### TASK BRIEF
In the listing below, find the line holding "Wykres 30-minutowy pary" and the line holding "سومین سمینار آموزشی". Write out those two lines and all lines between, exactly, and nothing more.

### DATASET RECORDS
------------------------------------------------------------------------

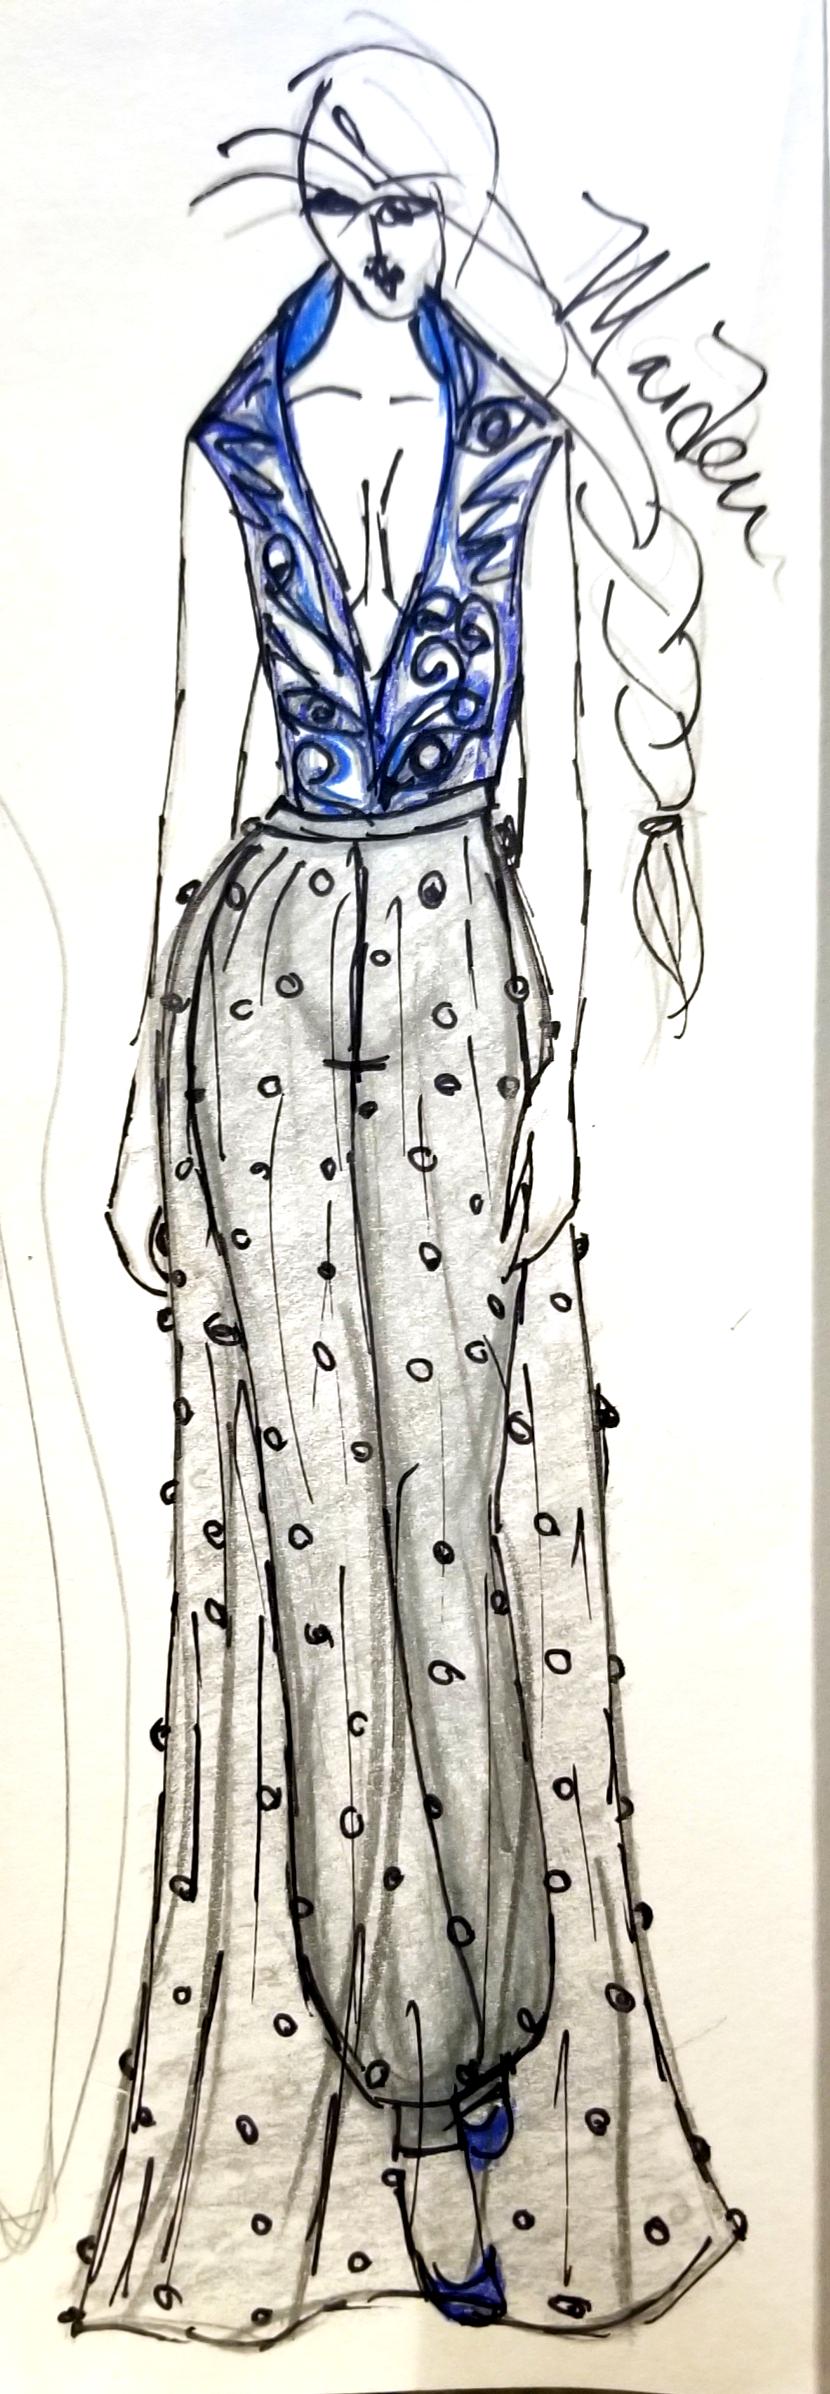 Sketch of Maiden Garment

------------------------------------------------------------------------

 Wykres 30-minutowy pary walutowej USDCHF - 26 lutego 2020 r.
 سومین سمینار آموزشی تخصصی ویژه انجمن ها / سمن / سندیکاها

------------------------------------------------------------------------

### SOLVED PROBLEM
 Wykres 30-minutowy pary walutowej USDCHF - 26 lutego 2020 r.
 سومین سمینار آموزشی تخصصی ویژه انجمن ها / سمن / سندیکاها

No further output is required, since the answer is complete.